Run this in a separate terminal while k6 is active. The canary reports LCP, FCP, and bet-place latency as the system is under load.

Open dashboards

Tool URL
Grafana http://localhost:3000
Jaeger http://localhost:16686

8. Limitations

  • Co-located load generation. On a single-VM setup, k6 competes with the services under test for CPU and RAM. Observed latencies will be pessimistic; throughput ceilings will be optimistic (k6 itself may become the bottleneck before the services do).

  • Stubbed external services. reCAPTCHA validation is bypassed in the test environment.

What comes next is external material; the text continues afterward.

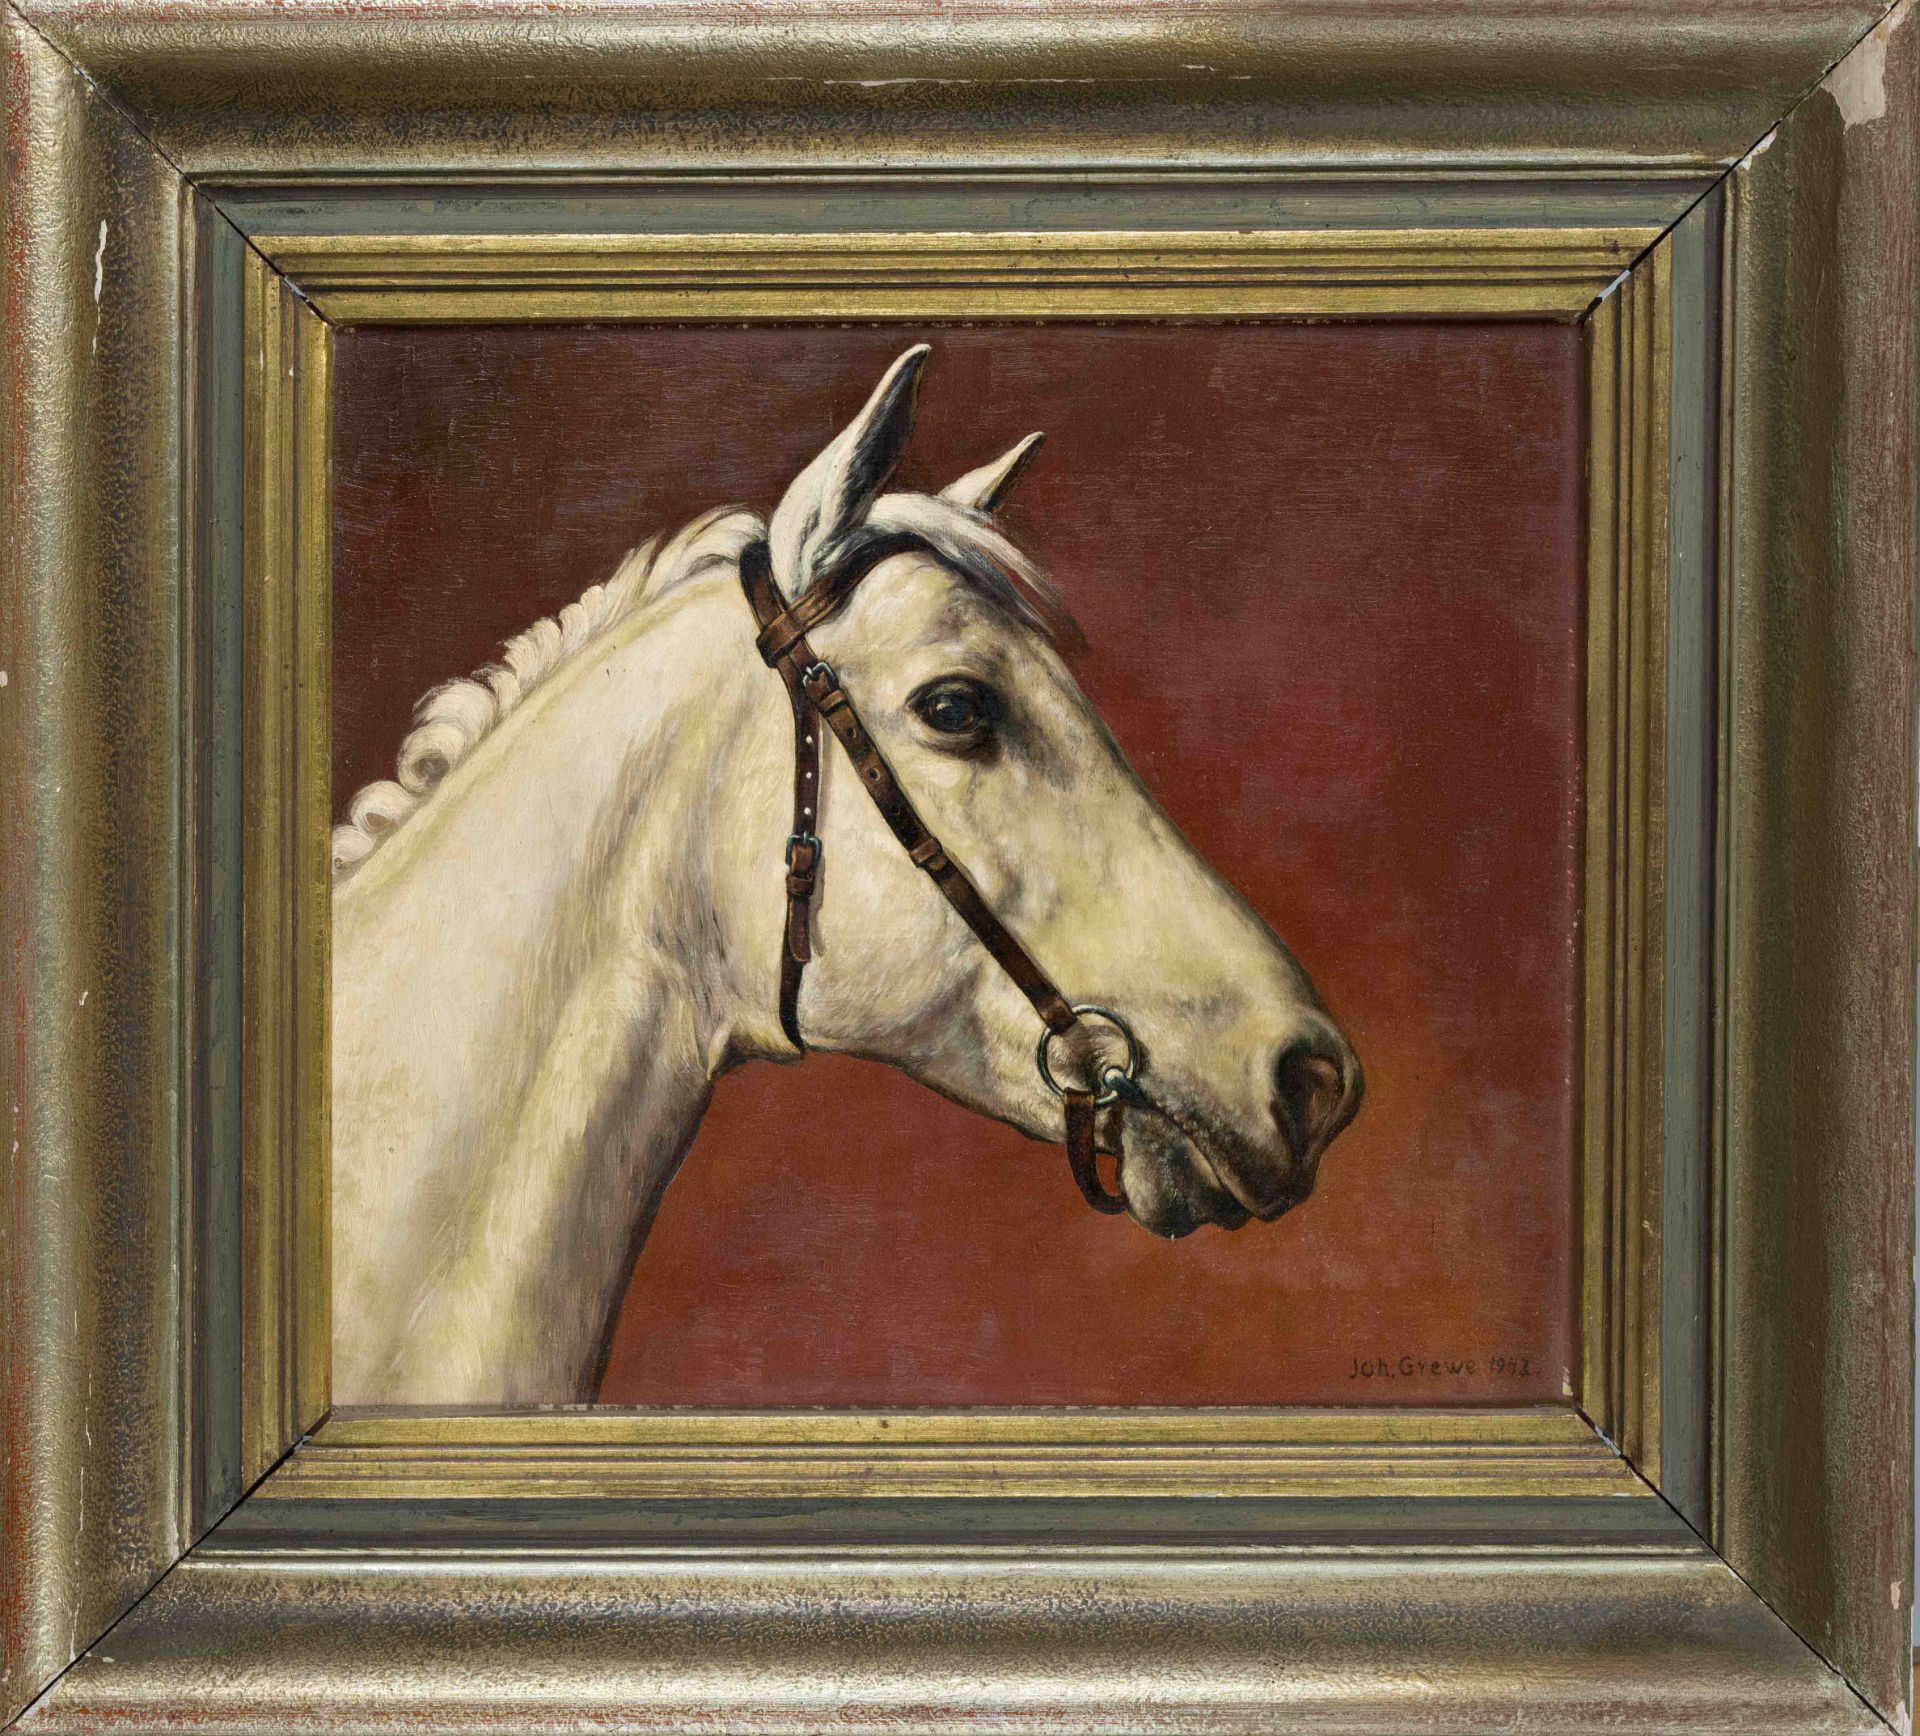 Joh. Grewe, German painter 1st half of the 20th century, portrait of a horse, oil on wood, signed

The Fast Track integration is disabled (the RabbitMQ producer is stubbed). The EVO wallet is stubbed. These stubs remove real-world latency and failure modes from the test.

  • Single Postgres instance. Production may use read replicas to offload query traffic. The test environment runs a single instance, so Postgres will saturate earlier than in a replicated deployment.

  • No Redis Cluster. Redis runs as a single instance. In production, a cluster or sentinel setup would provide higher throughput and failover.

  • rt WebSocket lacks a Redis adapter. The socket.io gateway in the rt service does not use a Redis adapter for pub/sub. This means horizontal scaling requires sticky sessions, and per-instance socket capacity is bounded by the in-process connection Map.

  • k6 WebSocket scenario scope. The k6 WebSocket scenario measures transport-level metrics (handshake time, message round-trip). It does not exercise full game logic, which requires multi-step stateful interactions that are better validated by the Playwright canary.

9. Kernel Tuning Checklist (Load Generator)

These settings are required on the load generator machine to sustain 10,000+ concurrent connections. Apply them before running the stepped ramp.

Setting Command Value Rationale
Open file limit ulimit -n 65536 65536 Each TCP socket consumes one file descriptor. The default limit (typically 1024) is insufficient for 10k connections.
Listen backlog sysctl net.core.somaxconn=65535 65535 Increases the accept queue depth for listening sockets, preventing connection drops under burst.
TIME_WAIT reuse sysctl net.ipv4.tcp_tw_reuse=1 1 Allows reuse of sockets in TIME_WAIT state for new outbound connections, reclaiming ports faster.
Local port range sysctl net.ipv4.ip_local_port_range="1024 65535" 1024-65535 Expands the ephemeral port range from the default (~28k ports) to ~64k ports.
FIN timeout sysctl net.ipv4.tcp_fin_timeout=15 15 seconds Reduces the time sockets spend in FIN_WAIT_2 state, accelerating teardown. Default is 60 seconds.
System-wide fd limit sysctl fs.file-max=2097152 2097152 Raises the kernel-level cap on open file descriptors across all processes.

To apply sysctl settings persistently, add them to /etc/sysctl.d/99-perf.conf and run sysctl --system. The ulimit setting must be configured in /etc/security/limits.conf or the shell profile for persistence.